Seiring dengan kenaikan suhu air, tekanan uap jenuh dalam gelembung juga semakin bertambah. Apabila tekanan uap jenuh dalam gelembung sama atau lebih besar dari tekanan udara luar, maka gelembung akan bertambah besar dan mengapung hingga tiba di permukaan. Setelah tiba di permukaan, gelembung akan pecah dan uap air yang ada di dalam gelembung terlepas dari air. Terjadilah proses pendidihan. Gelembung bertambah besar karena gaya dorong uap yang ada di dalam gelembung lebih besar daripada gaya dorong udara luar.
Tekanan uap dalam gelembung lebih besar daripada tekanan udara luar, sehingga uap yang berada di dalam gelembung memiliki gaya yang lebih besar. Ketika gelembung bertambah besar, volume uap juga bertambah besar sehingga kerapatan uap menjadi berkurang.

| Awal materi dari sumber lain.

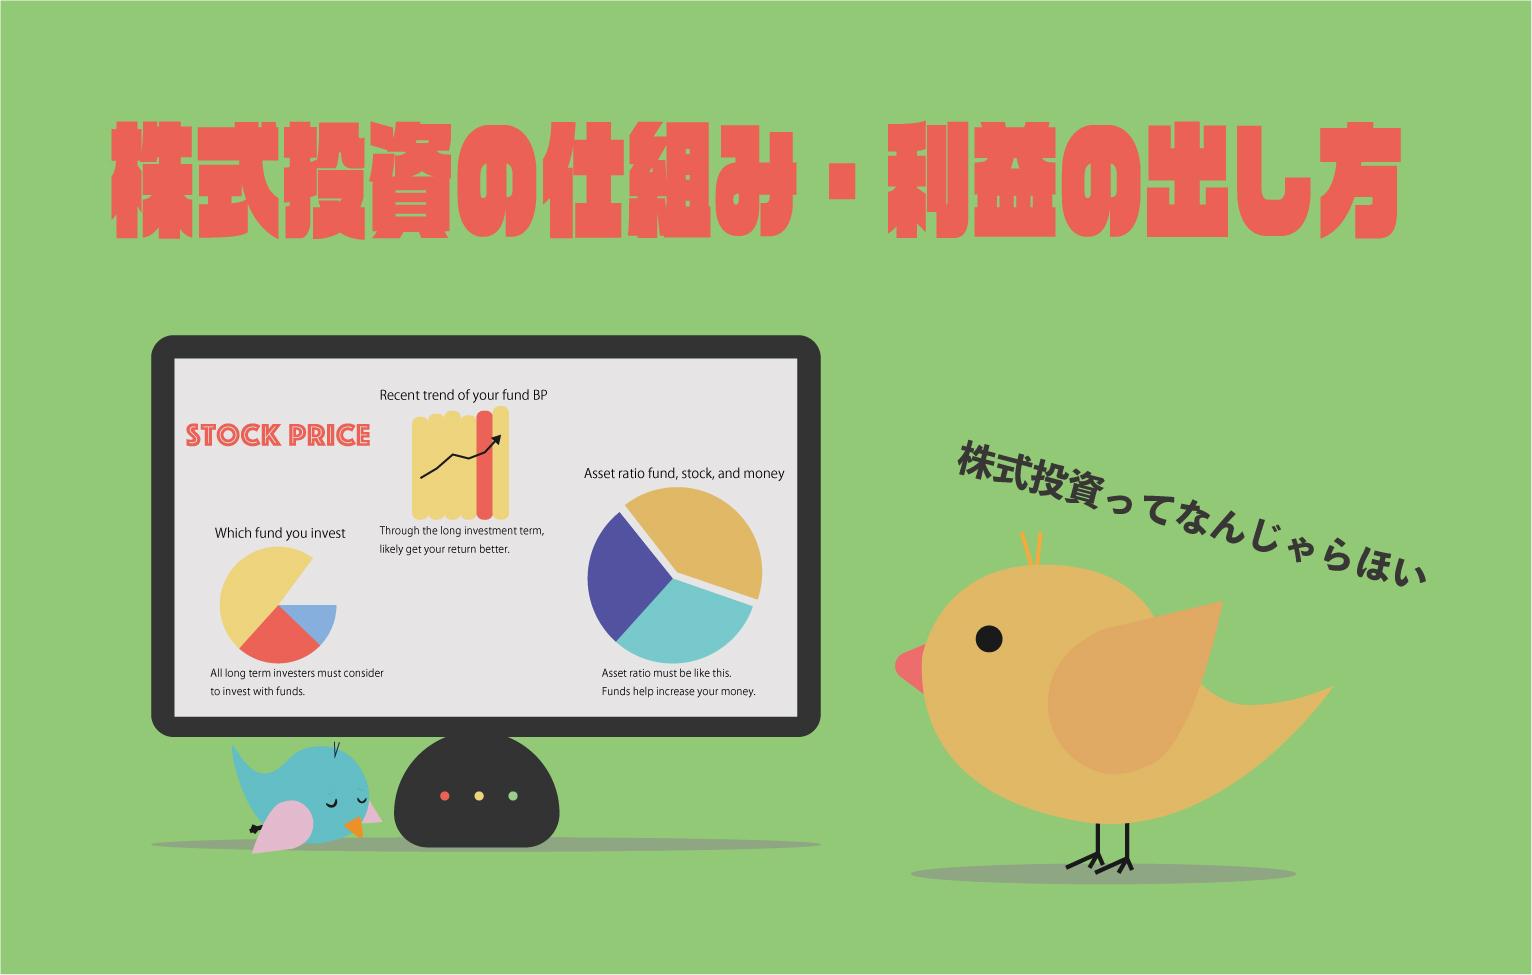 株式投資とは?株式投資の仕組みと始め方を解説します

Karena kerapatan uap berkurang (kerapatan uap lebih kecil dari kerapatan air) maka gelembung bisa mengapung ke permukaan. Mirip seperti kayu kering atau gabus yang mengapung di atas permukaan air. Kayu kering atau gabus bisa mengapung karena kerapatannya lebih kecil daripada kerapatan air.
Tekanan uap jenuh air
Berdasarkan uraian di atas, kita bisa mengatakan bahwa proses pendidihan air terjadi ketika tekanan uap jenuh air sama atau lebih besar dari tekanan atmosfir. Dengan demikian, suhu titik didih air sangat bergantung pada tekanan atmosfir. Semakin kecil tekanan atmosfir, semakin rendah suhu titik didih. Atau sebaliknya, semakin besar tekanan atmosfir, semakin tinggi suhu titik didih. Biasanya semakin tinggi suatu tempat di ukur dari permukaan laut, semakin kecil tekanan atomosfir di tempat tersebut. Karenanya bisa disimpulkan bahwa semakin tinggi suatu tempat di ukur dari permukaan laut, semakin rendah suhu titik didih di tempat tersebut.
Temperatura titik didih di puncak lebih rendah daripada suhu titik didih di pantai. Suhu titik didih di puncak gunung lebih rendah dari suhu titik didih di dataran rendah. Air yang dipanaskan di puncak gunung lebih cepat mendidih daripada air yang dipanaskan di tepi pantai. Tetapi jika Anda memasak nasi di puncak gunung, nasi lebih lama matang karena suhu titik didih rendah sehingga suhu didih air rendah. Agar cepat matang biasanya digunakan olla a presión. Pressure cooker berfungsi menaikkan tekanan udara sehingga suhu titik didih menjadi lebih tinggi. Suhu titik didih tinggi menyebabkan suhu didih air tinggi, sehingga nasi lebih cepat lunak.